On Jon Stewart, Fox News, Rush Limbaugh, and the liberal media:

I think Stewart’s show demonstrated the decline and vacuity of contemporary comedy. I cannot stand that smug, snarky, superior tone. I hated the fact that young people were getting their news through that filter of sophomoric snark.  Comedy, to me, is one of the major modern genres, and the big influences on my generation were Lenny Bruce and Mort Sahl. Then Joan Rivers had an enormous impact on me–she’s one of my major role models.  It’s the old caustic, confrontational style of Jewish comedy. It was Jewish comedians who turned stand-up from the old gag-meister shtick of vaudeville into a biting analysis of current social issues, and they really pushed the envelope.  Lenny Bruce used stand-up to produce gasps and silence from the audience. And that’s my standard–a comedy of personal risk.  And by that standard, I’m sorry, but Jon Stewart is not a major figure. He’s certainly a highly successful T.V. personality, but I think he has debased political discourse.  I find nothing incisive in his work.  As for his influence, if he helped produce the hackneyed polarization of moral liberals versus evil conservatives, then he’s partly at fault for the political stalemate in the United States.
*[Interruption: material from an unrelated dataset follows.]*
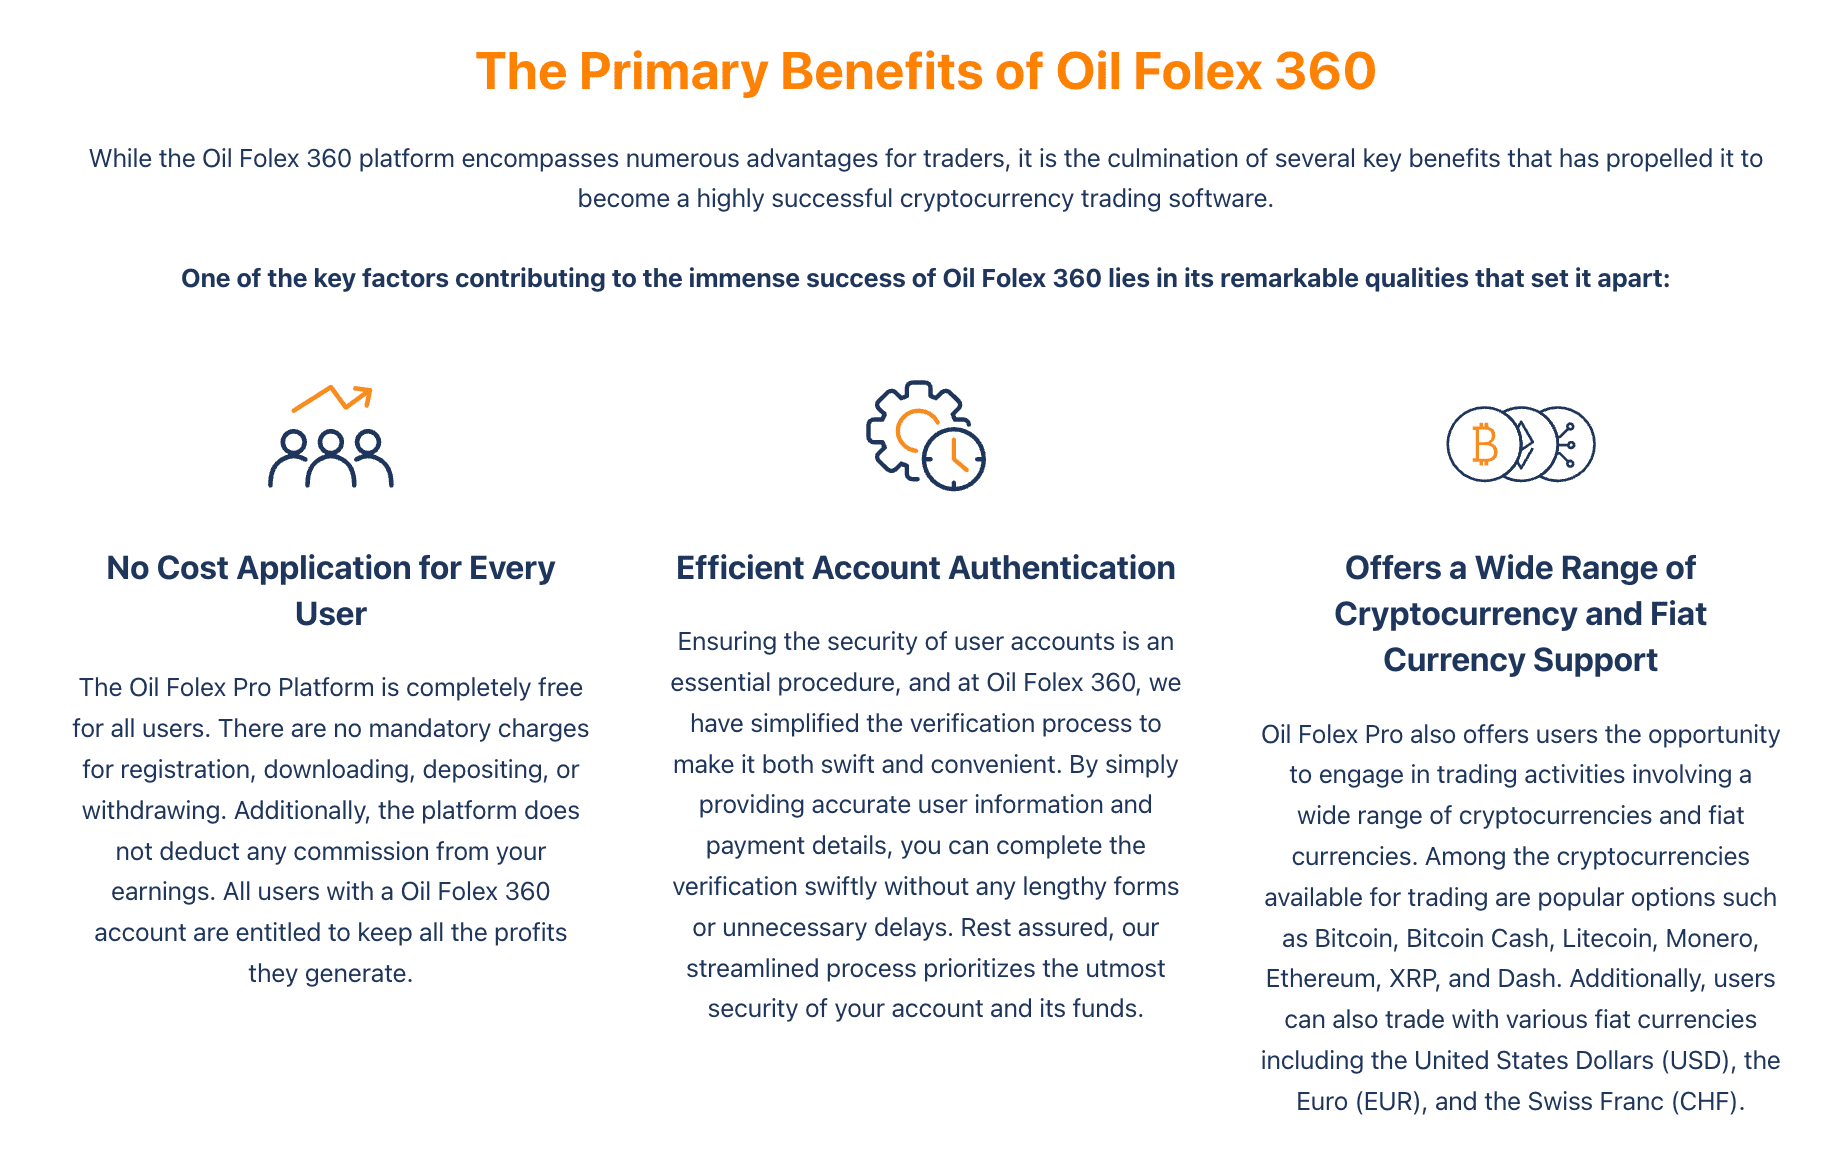 Os principais benefícios do Oil Folex 360

“I don’t demonize Fox News. At what point will liberals wake up to realize the stranglehold that they had on the media for so long? They controlled the major newspapers and weekly newsmagazines and T.V. networks. It’s no coincidence that all of the great liberal forums have been slowly fading. They once had such incredible power.  Since the rise of the Web, the nightly network newscasts have become peripheral, and the New York Times and the Washington Post have been slowly fading and are struggling to survive.
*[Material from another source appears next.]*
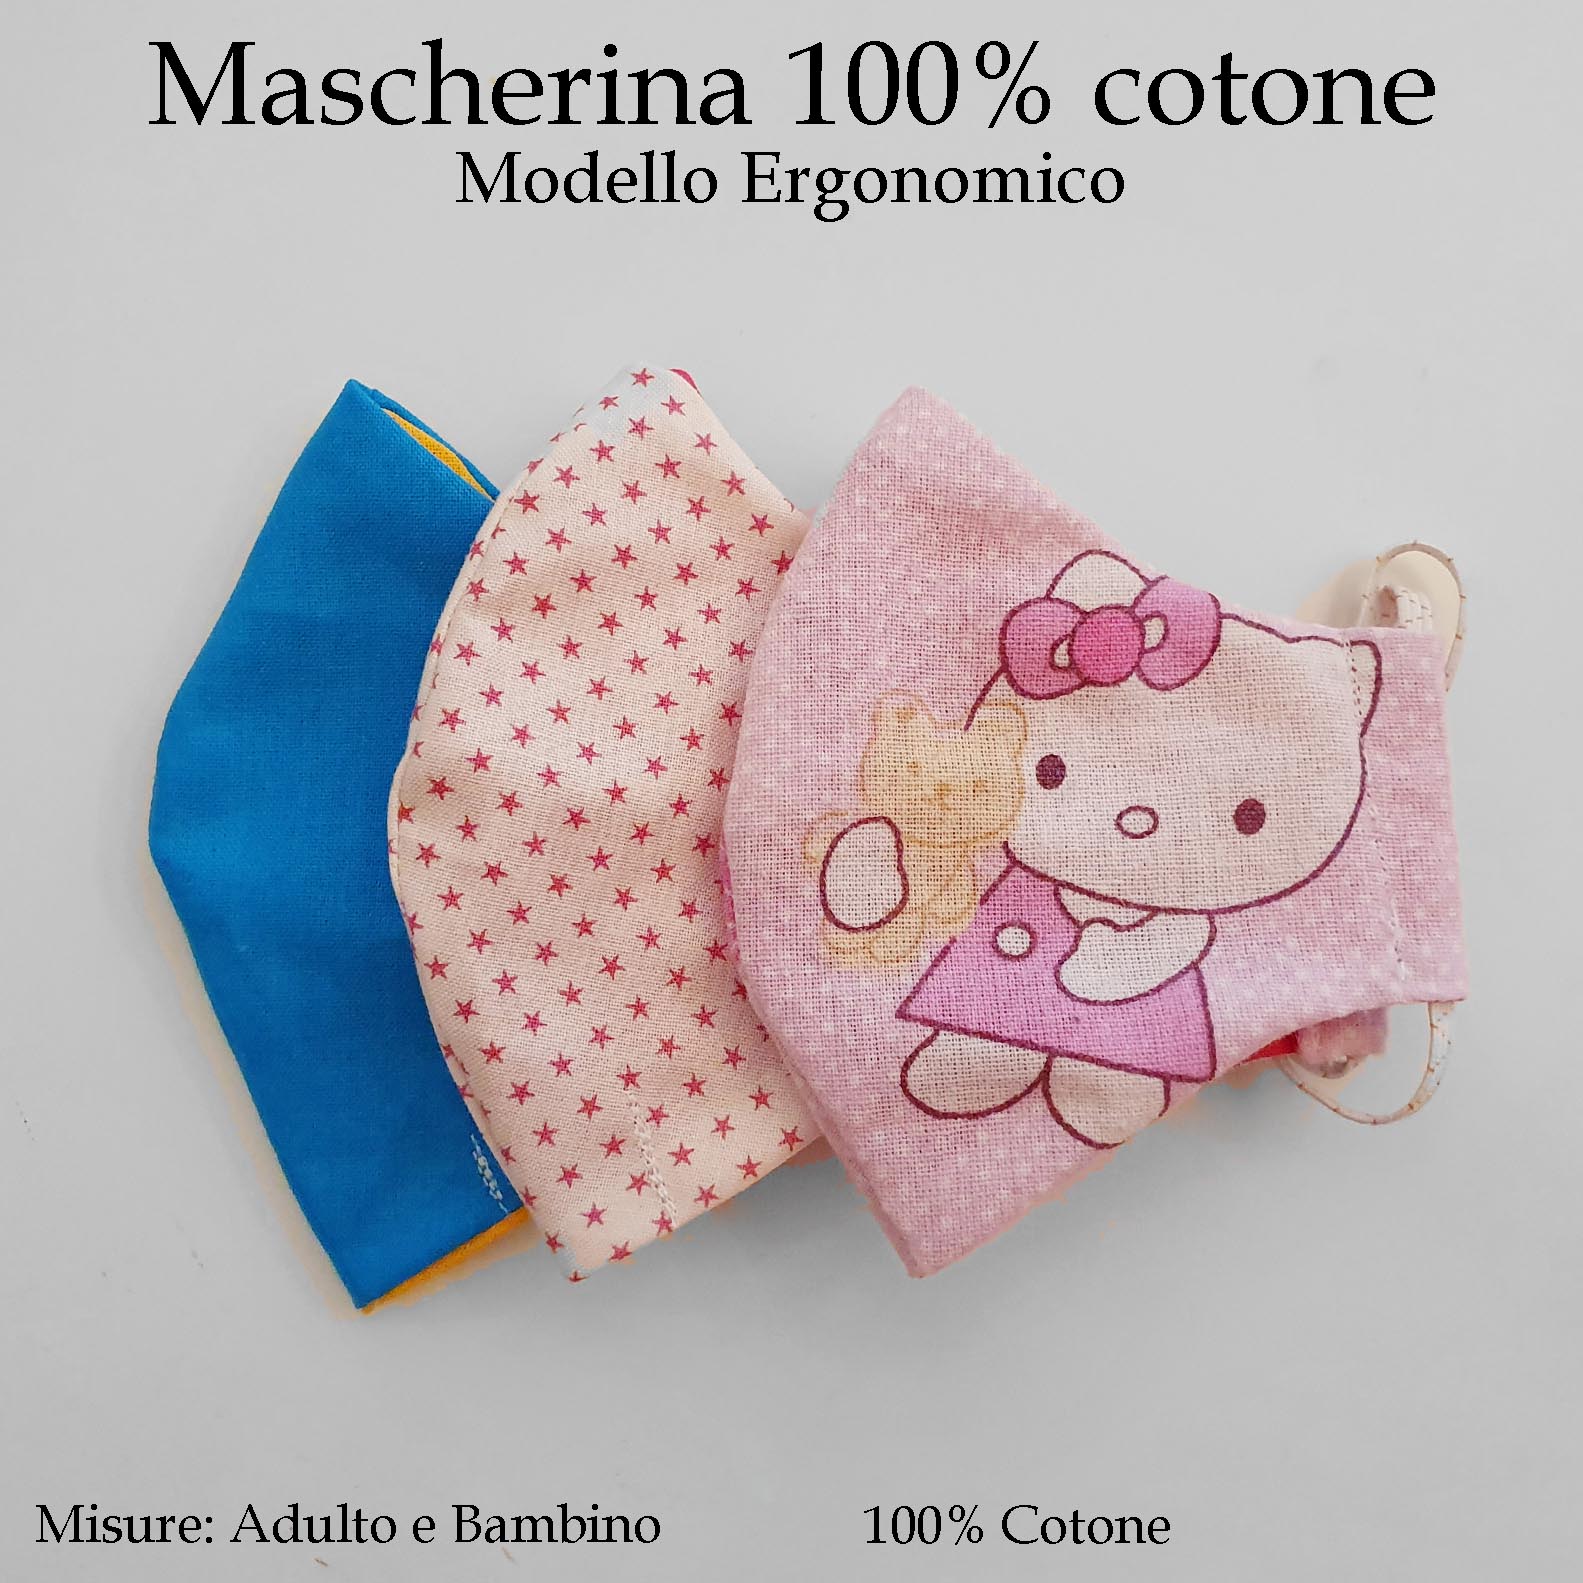 Mascherine lavabili per bambini in vari colori, 100% cotone 2-6

“Historically, talk radio arose via Rush Limbaugh in the early 1990s precisely because of this stranglehold by liberal discourse. For heaven’s sake, I was a Democrat who had just voted for Jesse Jackson in the 1988 primary, but I had to fight like mad in the early 1990s to get my views heard. The resistance of liberals in the media to new ideas was enormous. Liberals think of themselves as very open-minded, but that’s simply not true!  Liberalism has sadly become a knee-jerk ideology, with people barricaded in their comfortable little cells. They think that their views are the only rational ones, and everyone else is not only evil but financed by the Koch brothers.  It’s so simplistic!
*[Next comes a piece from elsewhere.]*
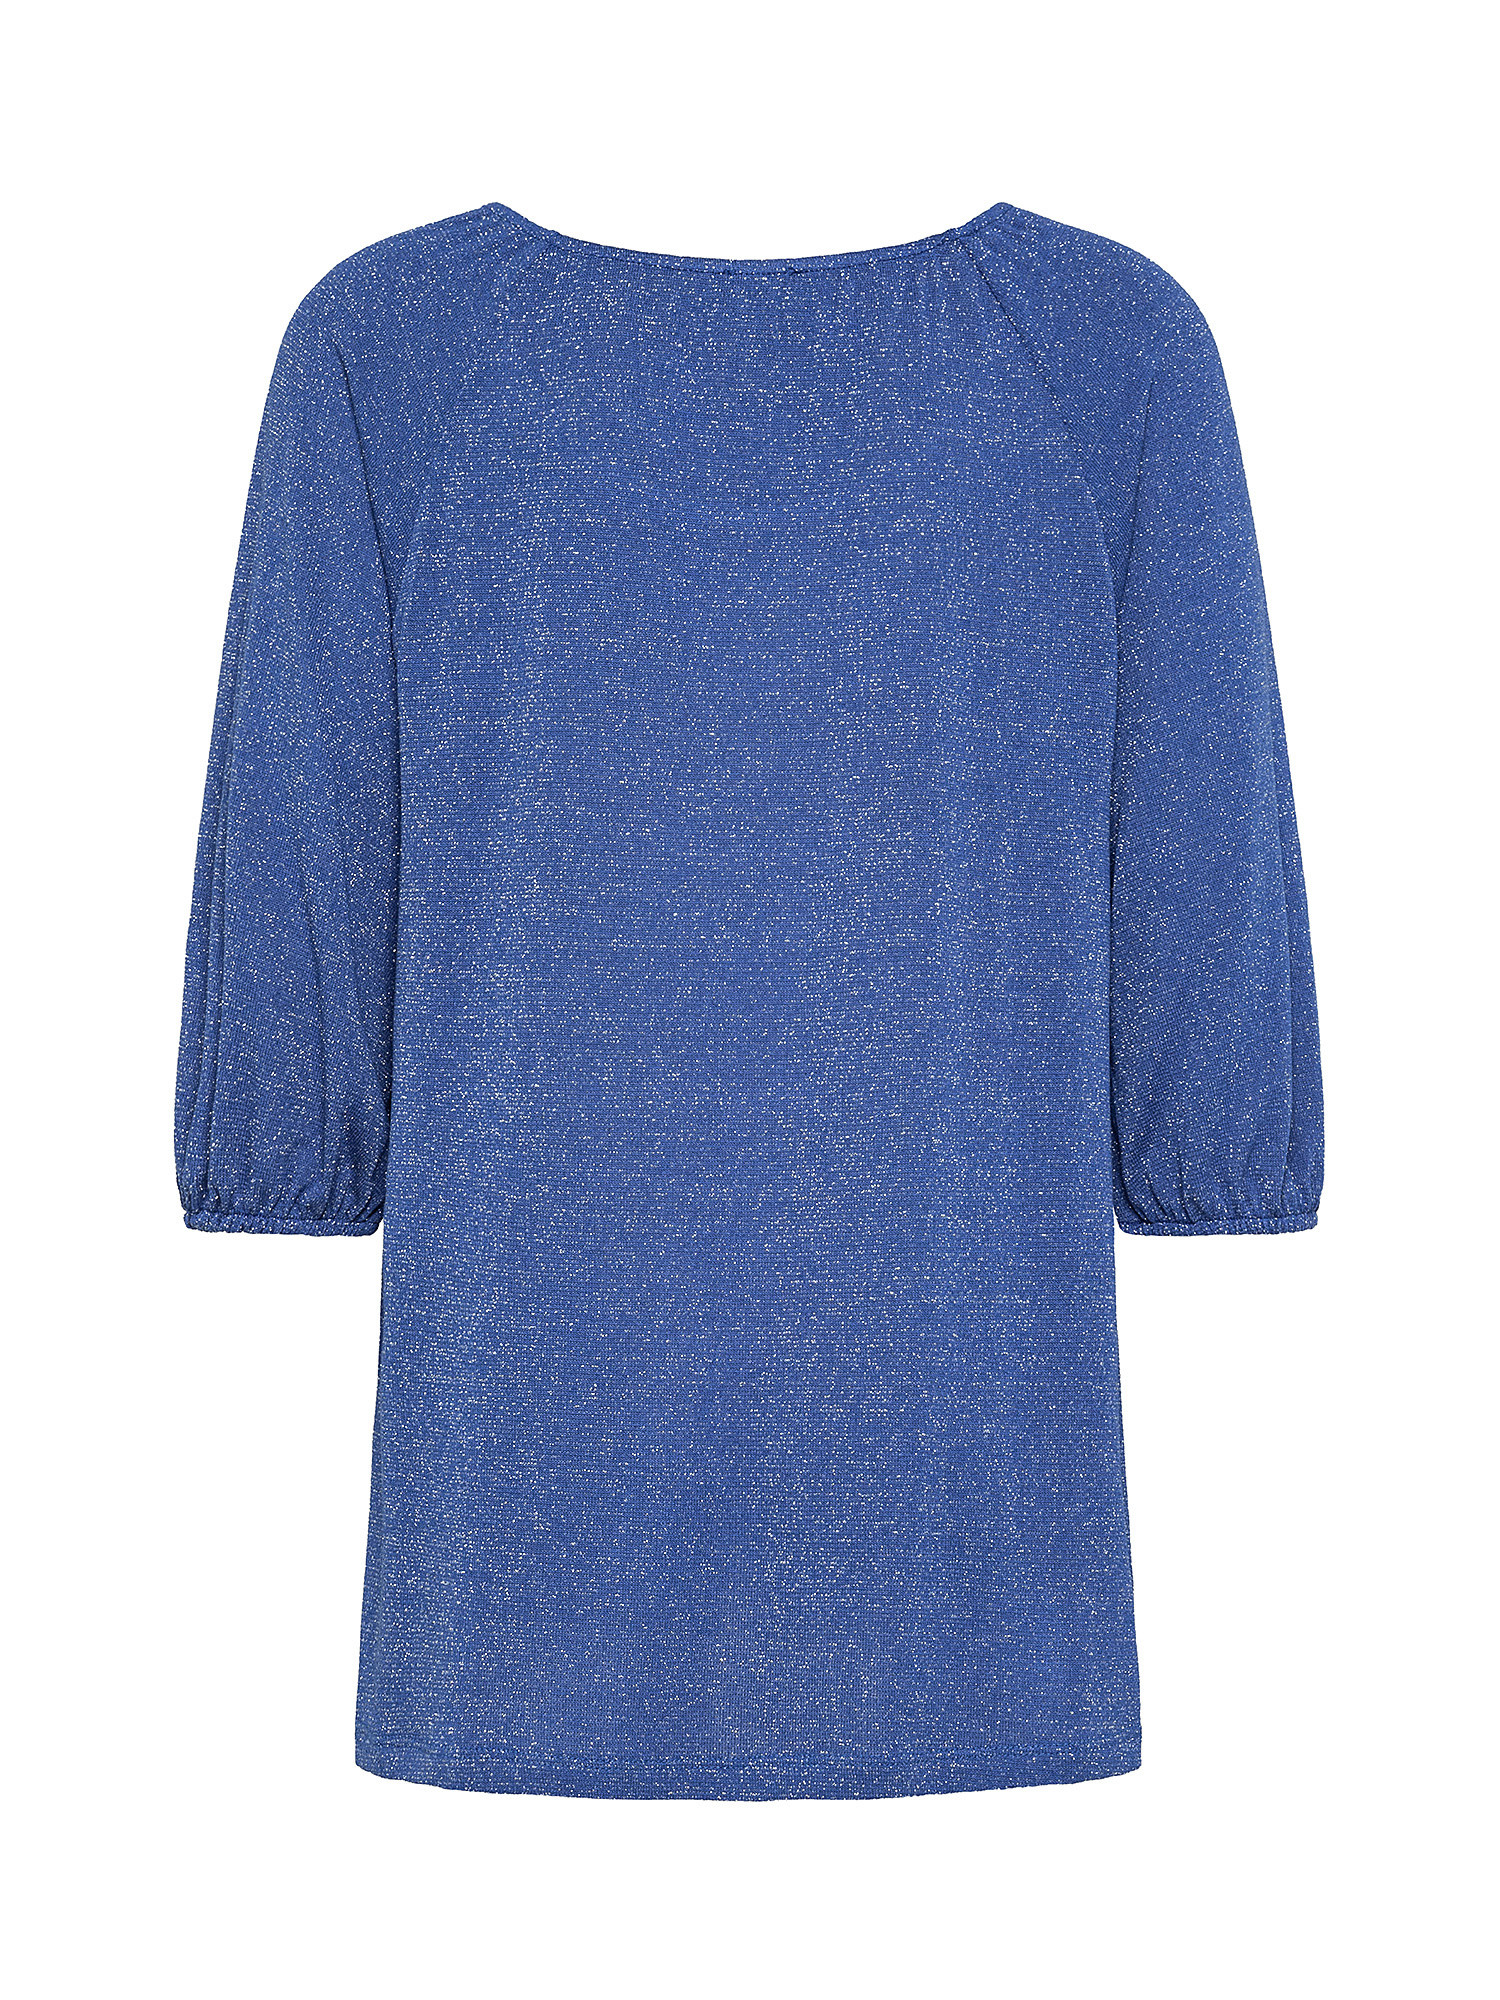 T-shirt con manica raglan, Blu royal, large image number 1

“Now let me give you a recent example of the persisting insularity of liberal thought in the media.  When the first secret Planned Parenthood video was released in mid-July, anyone who looks only at liberal media was kept totally in the dark about it, even after the second video was released.  But the videos were being run nonstop all over conservative talk shows on radio and television.  It was a huge and disturbing story, but there was total silence in the liberal media.  That kind of censorship was shockingly unprofessional.  The liberal major media were trying to bury the story by ignoring it.  Now I am a former member of Planned Parenthood and a strong supporter of unconstrained reproductive rights.  But I was horrified and disgusted by those videos and immediately felt there were serious breaches of medical ethics in the conduct of Planned Parenthood officials.  But here’s my point:  it is everyone’s obligation, whatever your political views, to look at both liberal and conservative news sources every single day.  You need a full range of viewpoints to understand what is going on in the world.”